21.      L’article 8 du décret de 2006, qui, à partir du 16 novembre 2006, a remplacé l’article 7 du décret de 2002, dispose:

«1. Il est interdit de mettre des fonds ou des ressources économiques à la disposition, directe ou indirecte, d’une personne visée à l’article 7, paragraphe 2, ni au bénéfice d’une telle personne, sauf au titre d’une autorisation accordée conformément à l’article 11.

2. Quiconque enfreint l’interdiction prescrite au paragraphe 1 se rend coupable d’un délit.

[...]»

22.      L’article 11 du décret de 2006, intitulé «Autorisations», prévoit que:

«1. Le Treasury peut délivrer une autorisation qui soustrait les actes qu’elle spécifie à l’interdiction de l’article 7, paragraphe 1, ou de l’article 8, paragraphe 1.

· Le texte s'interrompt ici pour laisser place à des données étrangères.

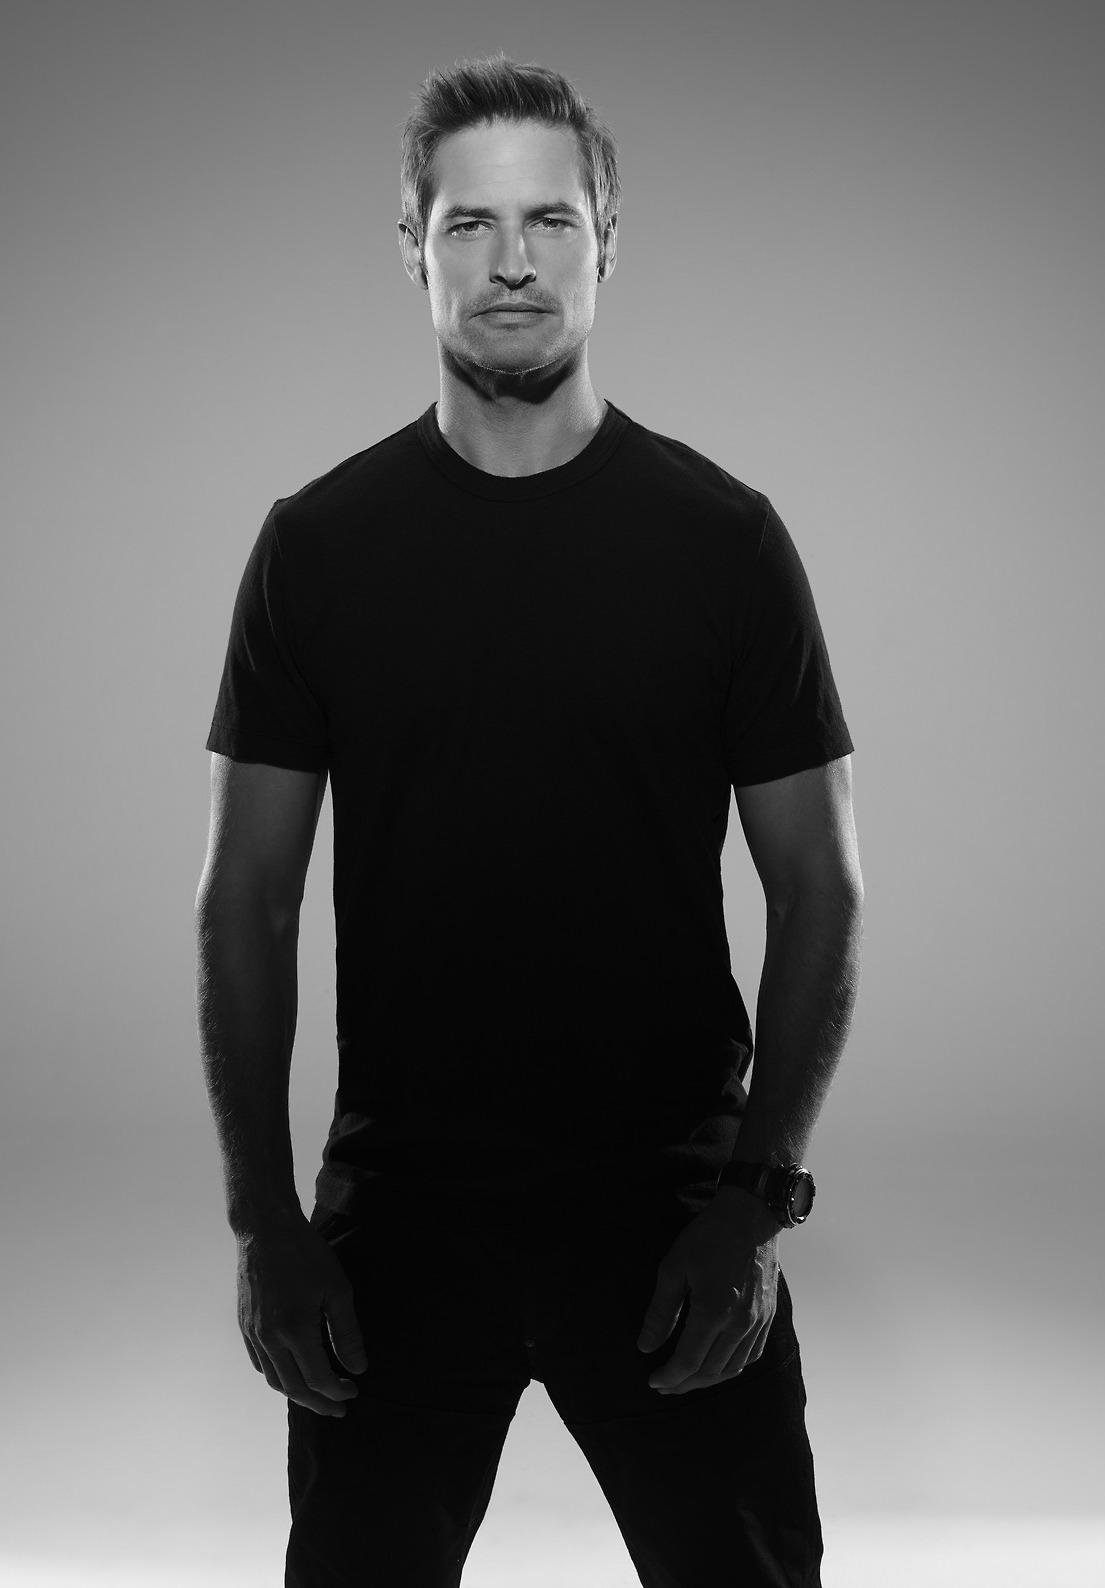 Josh-Holloway-PROMOTIONAL-PHOTOSHOOT-INTELLIGENCE-2014-josh-holloway-36445449-1280-1708.jpg
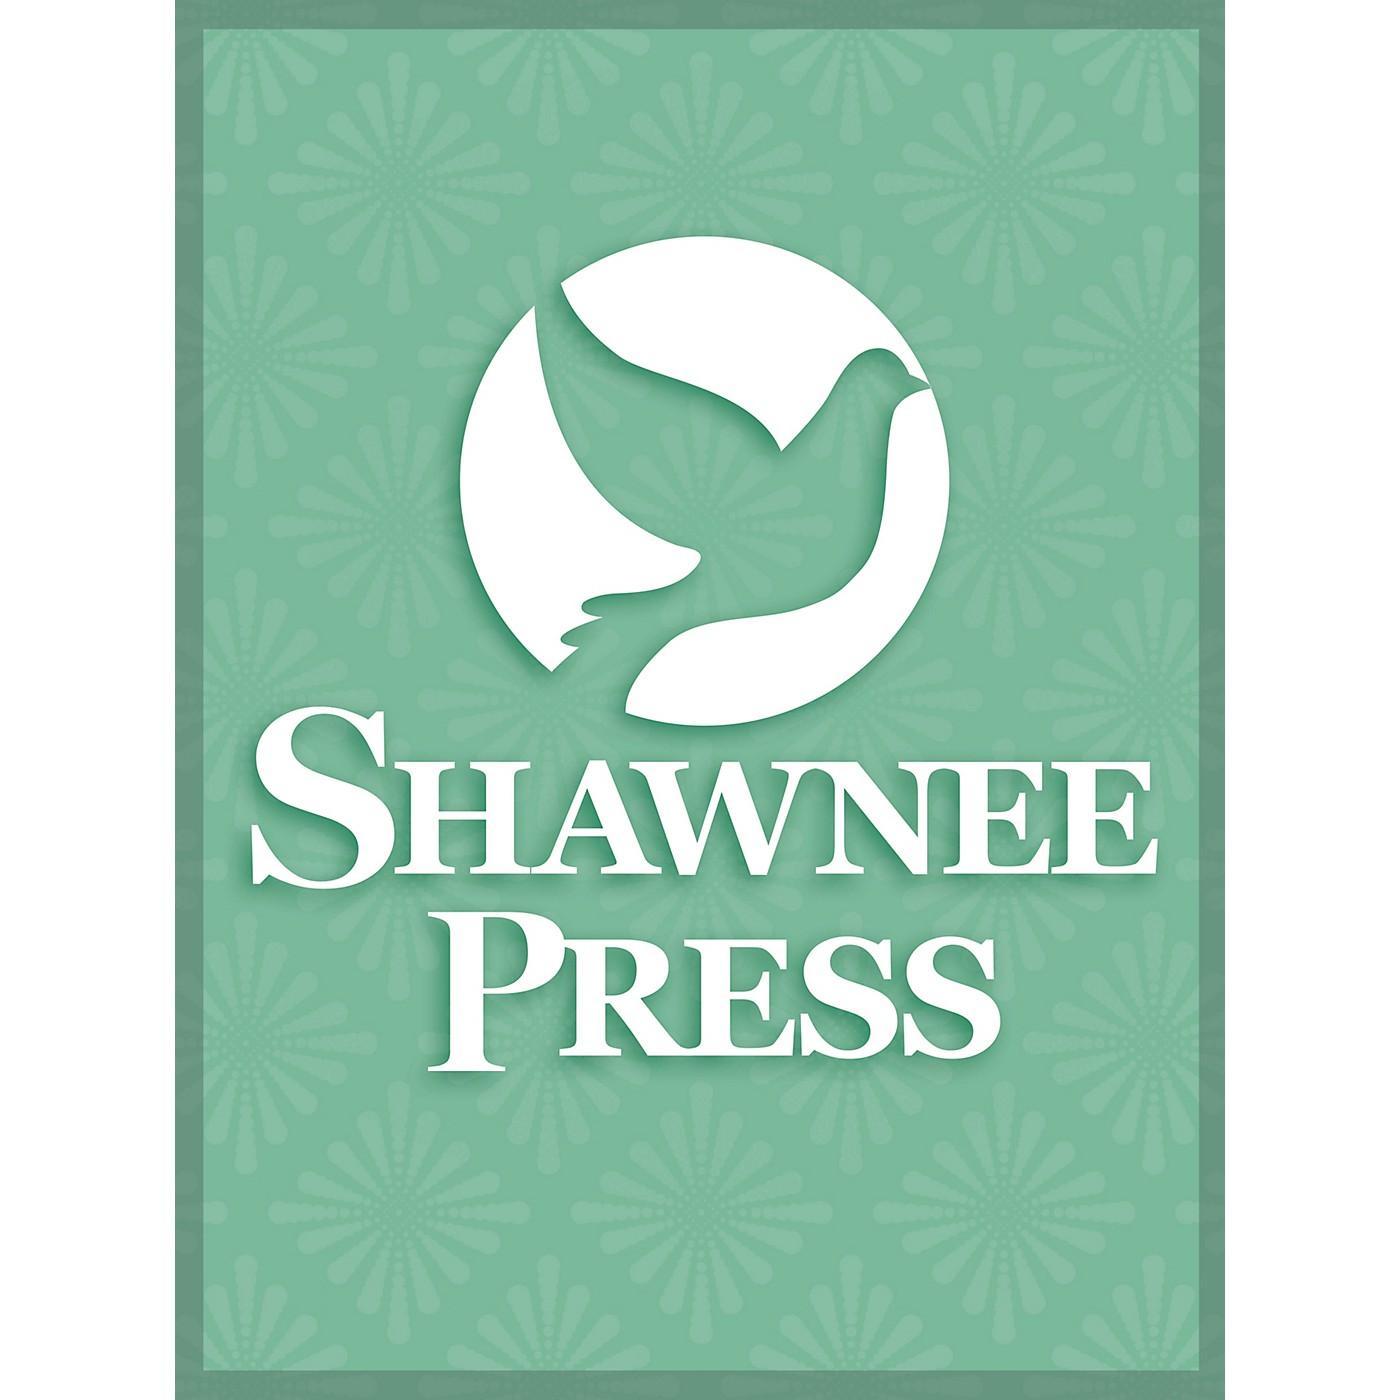 Shawnee Press Stephen Foster Medley Shawnee Press Series thumbnail

2. Une autorisation peut être

a)      générale ou accordée à une catégorie de personnes ou à une personne particulière;

b)      soumise à conditions;

c)      de durée déterminée ou indéterminée.

3. Le Treasury peut modifier ou retirer une autorisation à tout moment.

4. S’il accorde, modifie ou retire une autorisation, le Treasury doit:

a)      dans le cas d’une autorisation accordée à une personne particulière, notifier par écrit l’octroi, la modification ou le retrait de l’autorisation à cette personne, et

b)      dans le cas d’une autorisation générale ou d’une autorisation accordée à une catégorie de personnes, prendre les mesures qu’il juge appropriées pour publier l’octroi, la modification ou le retrait de l’autorisation.

5. Quiconque fait sciemment ou par imprudence une fausse déclaration ou fournit des documents ou des informations fallacieuses sur un point important aux fins d’obtenir une autorisation se rend coupable d’un délit.

6. Quiconque a agi au titre d’une autorisation et n’a pas respecté les conditions assorties à cette autorisation se rend coupable d’un délit.»

23.      L’article 20, paragraphe 3, du décret de 2006 dispose que, lorsqu’une autorisation, délivrée par le Treasury en vertu de l’article 7 du décret de 2002, a pris effet immédiatement avant l’entrée en vigueur du décret de 2006, cette autorisation continue à s’appliquer comme si elle avait été délivrée en vertu de l’article 11 du décret de 2006.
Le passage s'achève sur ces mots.